Die Folgen von Virusinfektionen können Zelltod, Zelltransformation oder latente Infektion sein. Dasselbe Virus kann eine Zelle zum Zelltod führen, während es in anderen Zellen zu lang anhaltenden oder latenten Infektionen oder Zelltransformationen führen kann. Dies hängt nicht nur von der Art des Virus ab, sondern auch von der Art der vom Virus infizierten Zelle. Zum Beispiel kann eine unproduktive (nicht manifeste) Infektion auftreten, wenn keine Komponenten in der Zelle vorhanden sind, die benötigt werden, um das Virus zu replizieren. In diesem Fall ist die Virusverdopplung blockiert, und die Virenzelle kann, muss aber nicht überleben, und das virale Genom kann aus der Zelle verloren gehen. Im Gegensatz zu unproduktiven Infektionen treten produktive (manifeste) Infektionen in anfälligen Zellen auf und sind durch das Auftreten von infektiösen Nachkommen, das heißt infektiösen Viruspartikeln, gekennzeichnet.
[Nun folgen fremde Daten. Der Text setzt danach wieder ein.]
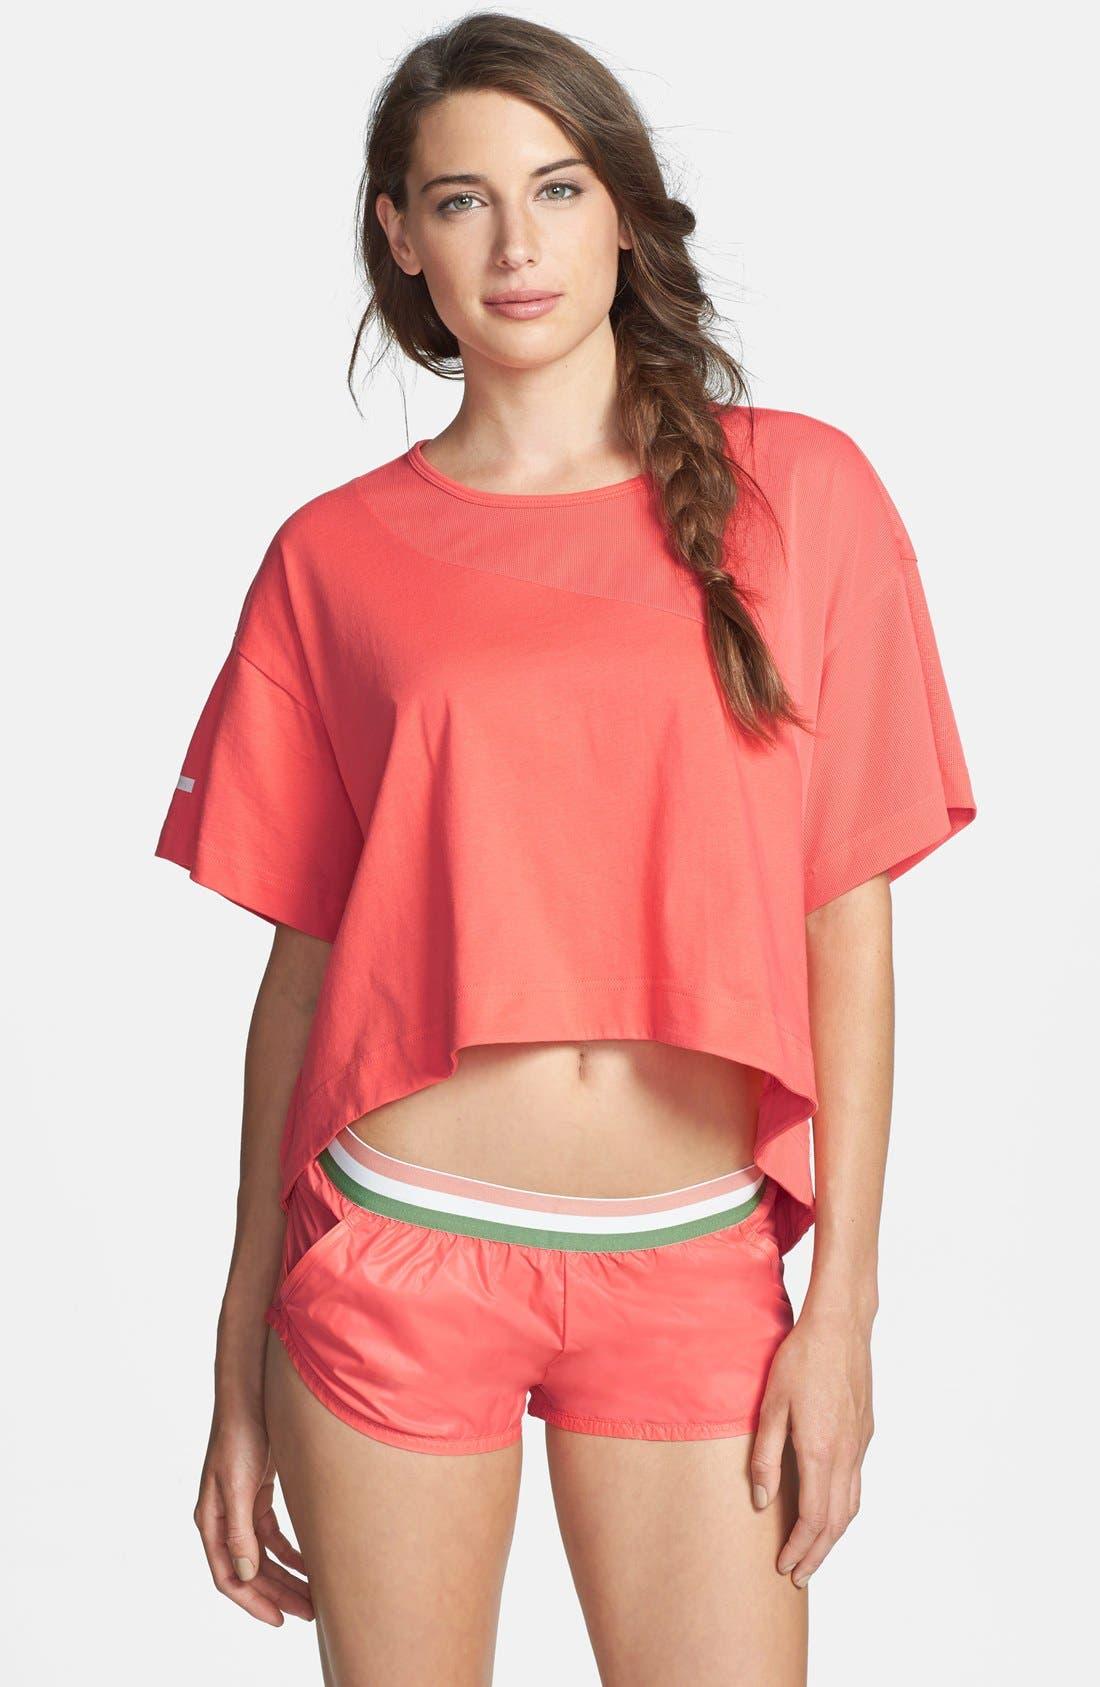 Alternate Image 1 Selected - adidas by Stella McCartney 'Yoga Loose' High/Low Crop Tee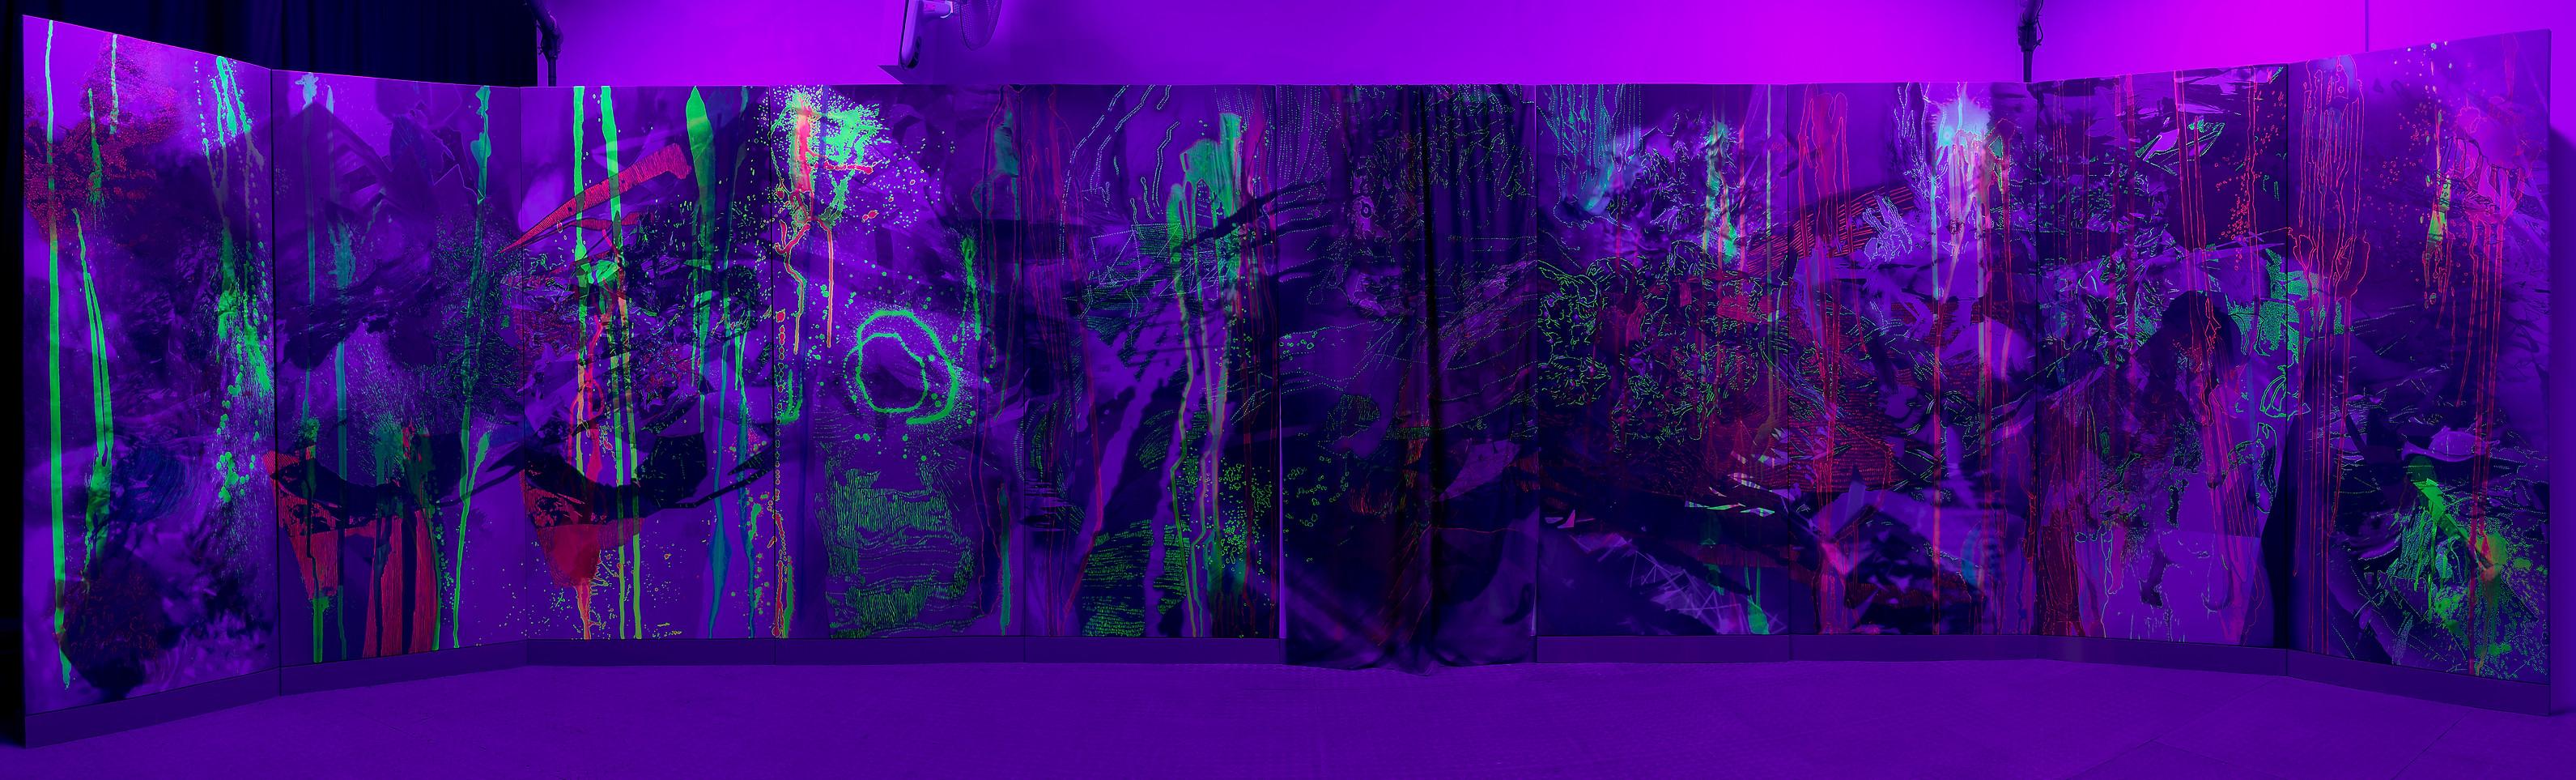 UV Grotto Panels 1-10 decaptych

Ein produktives Viruspartikel kann zur Zelltodzytolyse führen. Die Zelle kann jedoch auch überleben und weiterhin eine kleine Menge an Virus produzieren, was zu einer anhaltenden persistenten Infektion führt, die chronisch, produktiv oder latent sein kann.
Bei der latenten (schlafenden) Infektion führt das Virus nicht zu Veränderungen, obwohl es im Wirt vorhanden ist. Viren, die Viren, die zu latenten Infektionen führen, können im Falle von Stress, Immunabnahme, Erhöhung der Körpertemperatur aktiviert werden.